Published: Just now
Japan is facing the most serious security situation in the region since World War II, claims Prime Minister Fumio Kishida. Now a historic rearmament of the country’s military is promised.
In December, Fumio Kishida’s government adopted a series of security and defense reforms that partly involve departures from the strict self-defense-only principle that has prevailed since the end of World War II, when a ban on regular military force was written into the country’s constitution.
Among other things, Japan wants to be able to counterattack in the event of an attack on the country and speed up the development of radio reconnaissance that can detect incoming robots from, for example, North Korea – something that will be made possible by an almost doubled defense budget over the next five years.

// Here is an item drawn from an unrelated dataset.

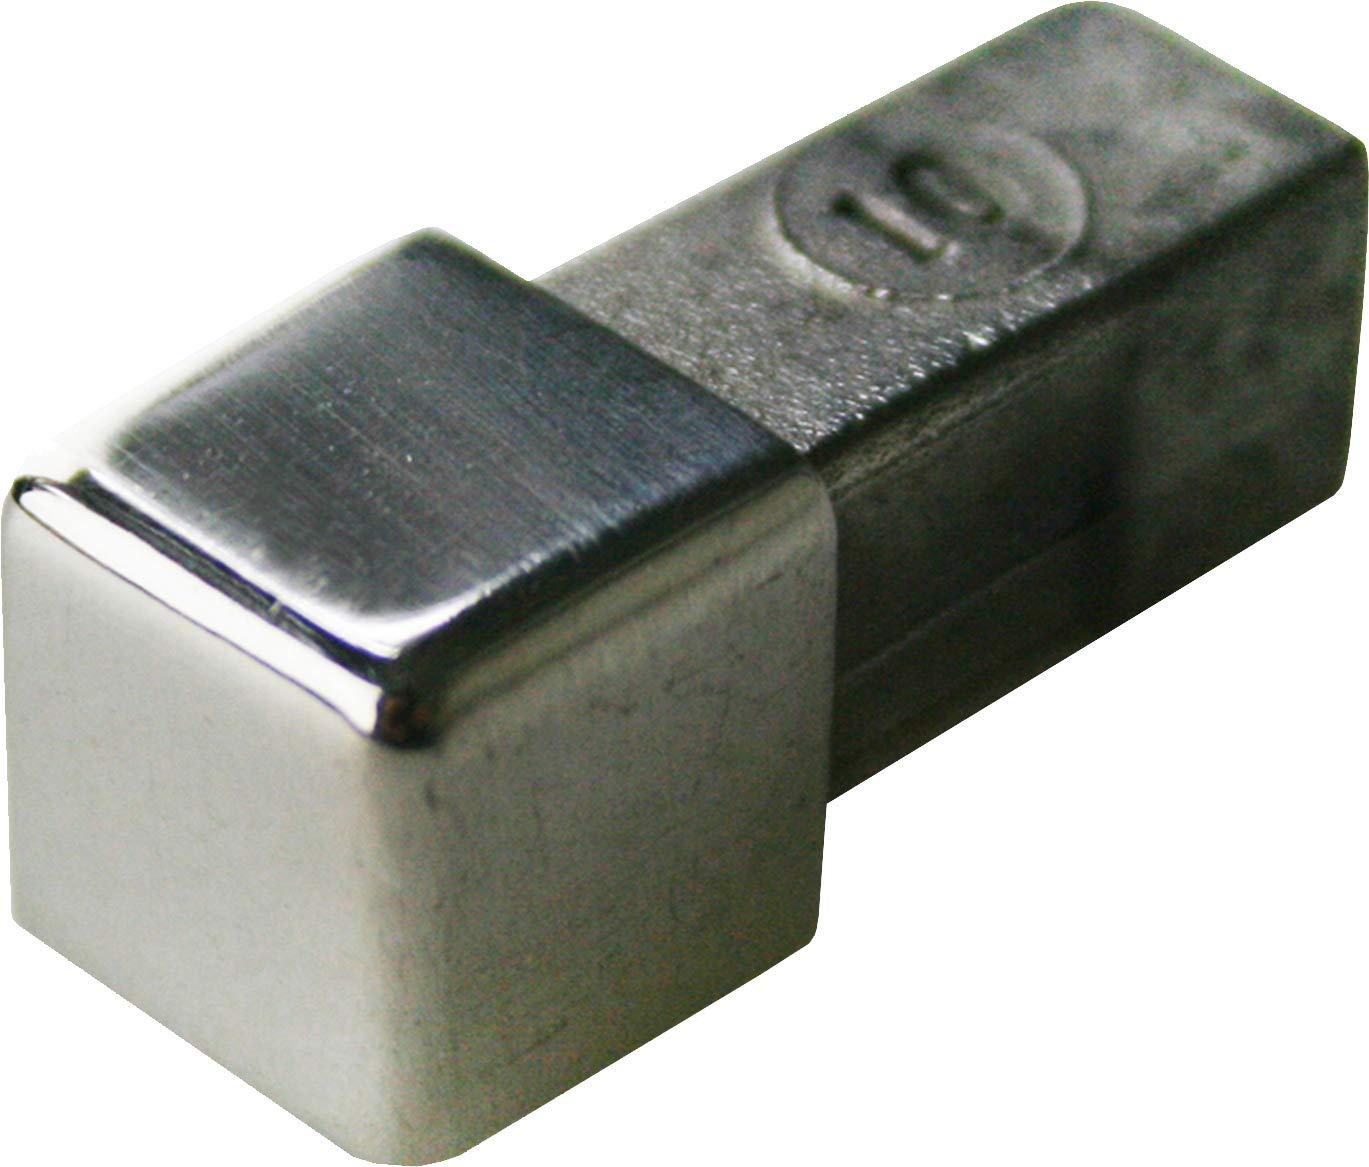 PREMIUM FUCHS Ecke kein Abbl/ättern m/öglich Vollmaterial H: 8mm Quadratprofil Edelstahl V2A Gl/änzend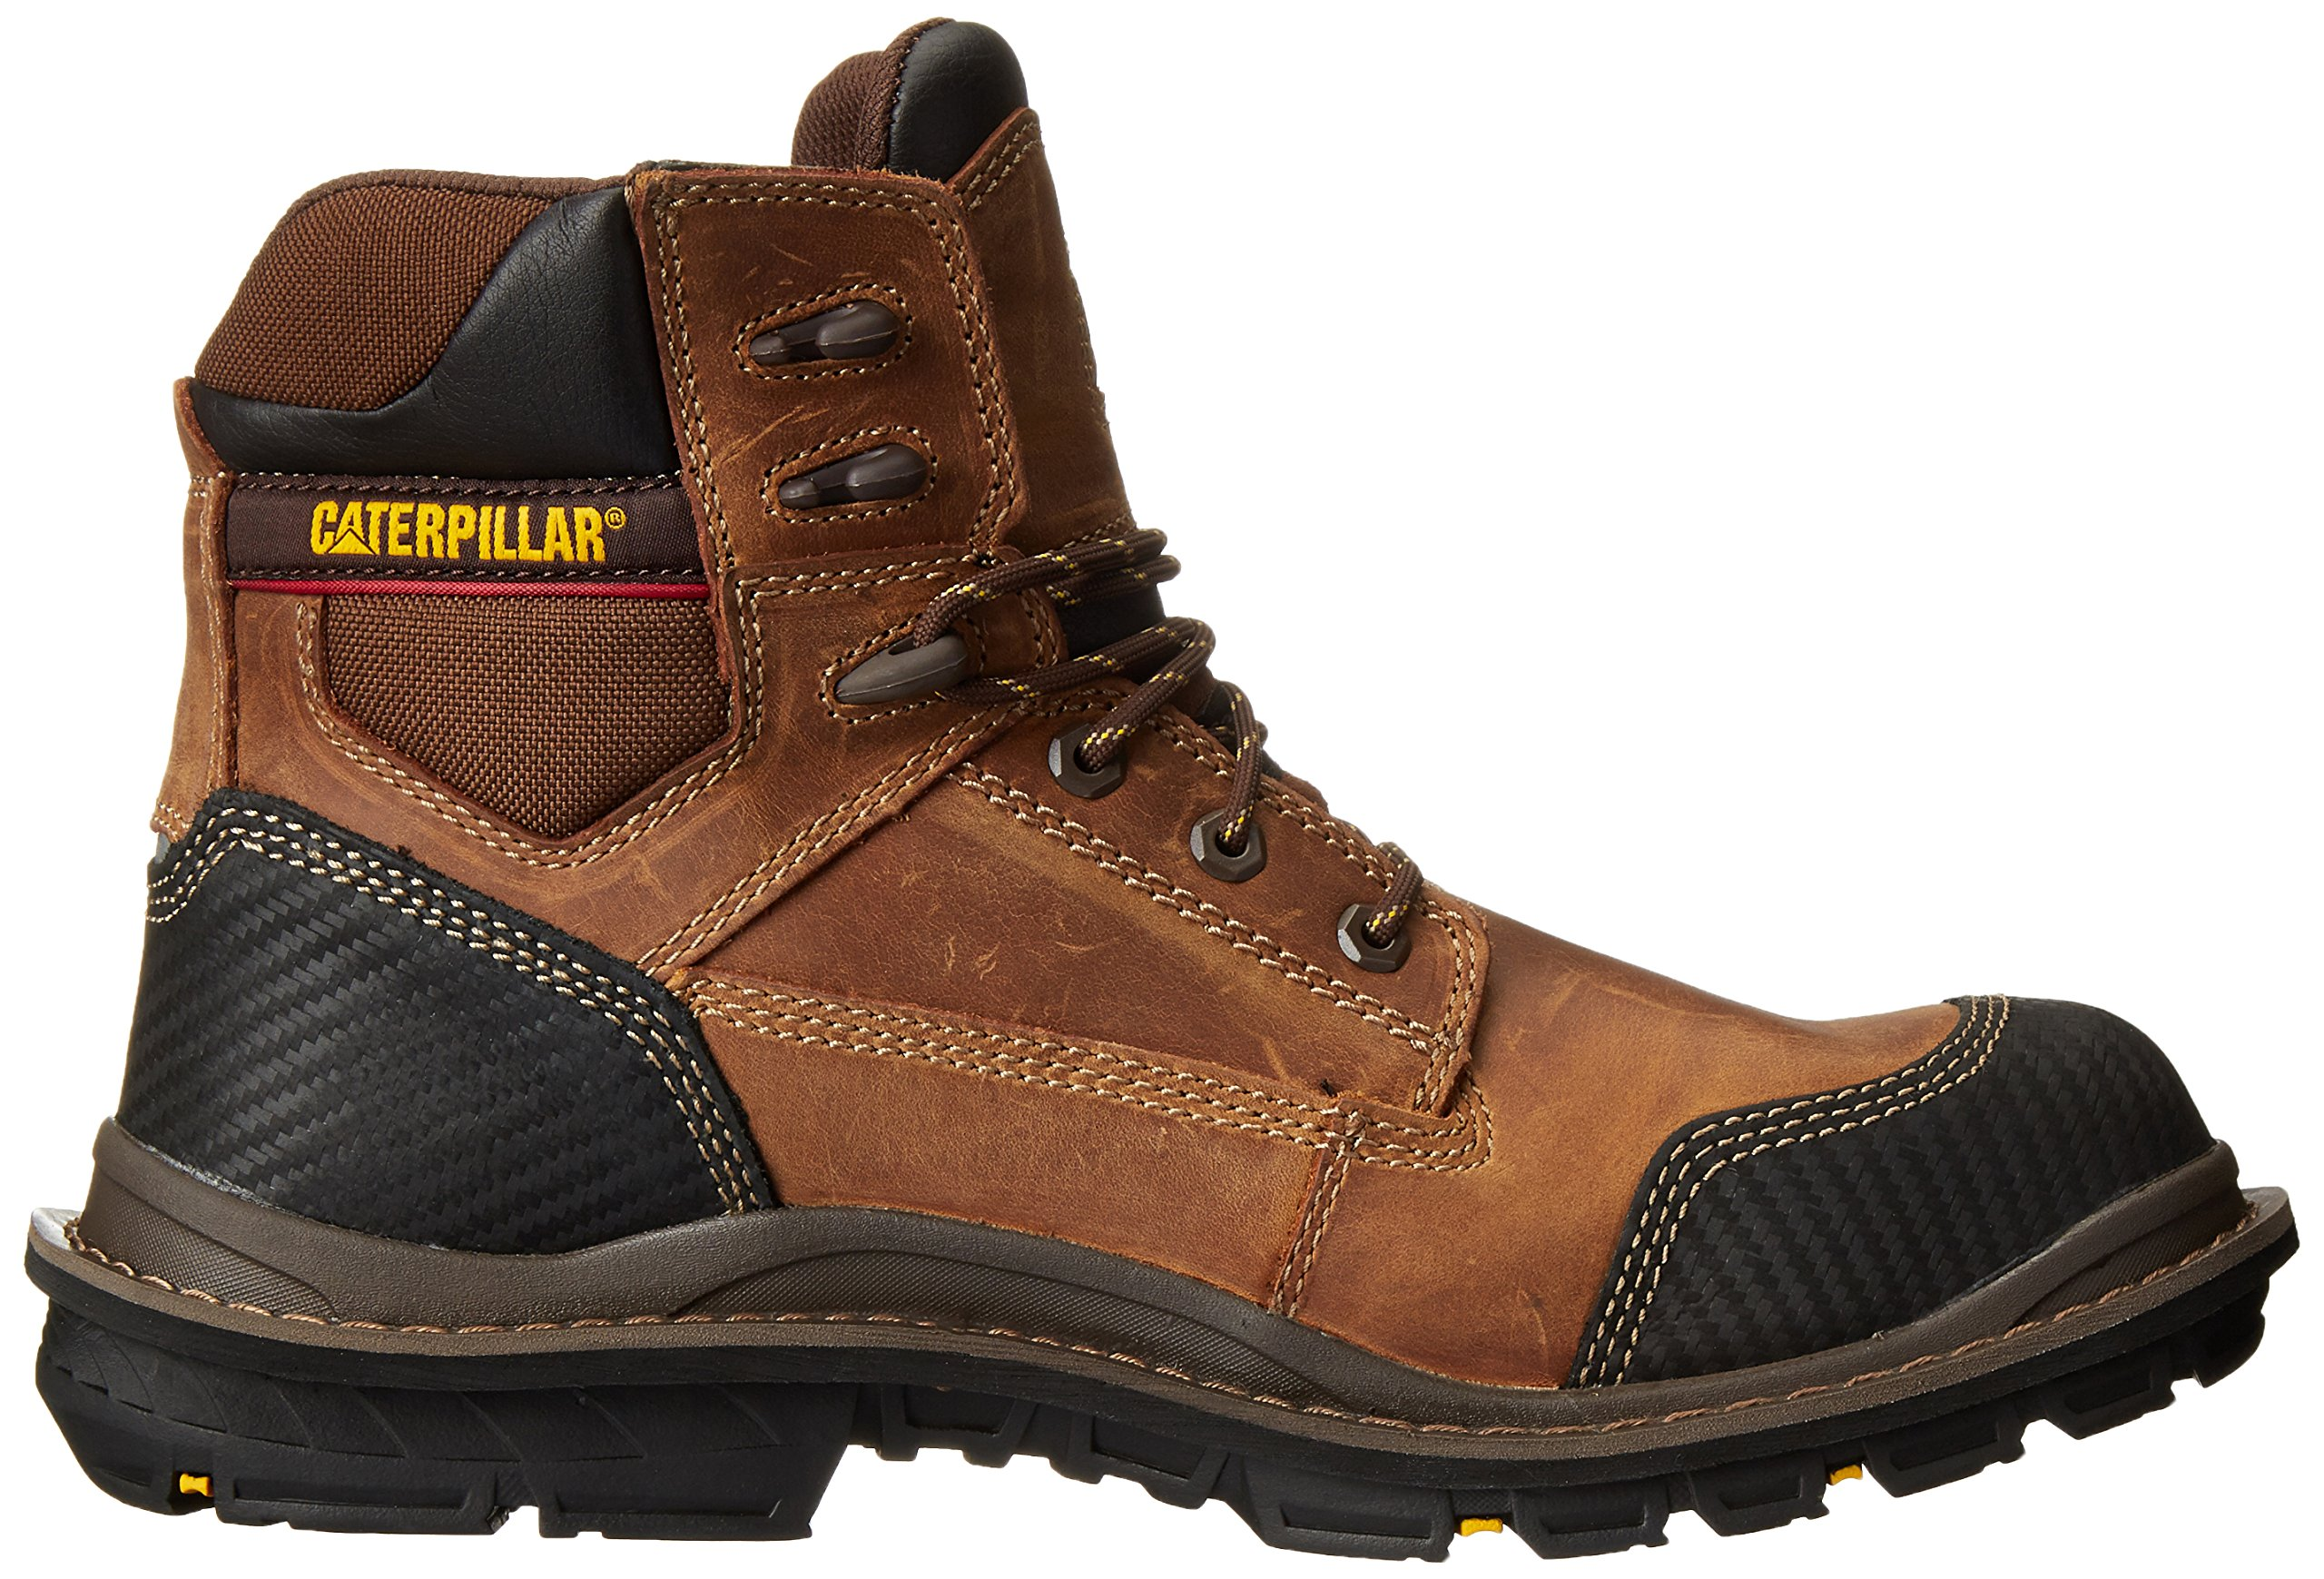 Caterpillar Men's Fabricate 6 Inch Tough Waterproof Comp Toe Work Boot, Brown, 14 M US by Caterpillar (Image #7)

The new defense strategy aims, among other things, to keep China’s ever-growing territorial ambitions in check, according to Tokyo. At the same time, the subject is sensitive for many neighboring countries in regions whose populations were victims of Japan’s aggressions during the Second World War. According to Kishida, the new orders represent a “drastic reversal” of the country’s security policy, but the prime minister emphasizes at the same time that the country is still committed to its pacifist constitution and strict anti-nuclear weapons policy.
Kishida states that China poses “the biggest strategic challenge” to peace and security in the region. At the same time, the Japanese leader says he hopes for continued dialogue with Beijing and President Xi Jinping.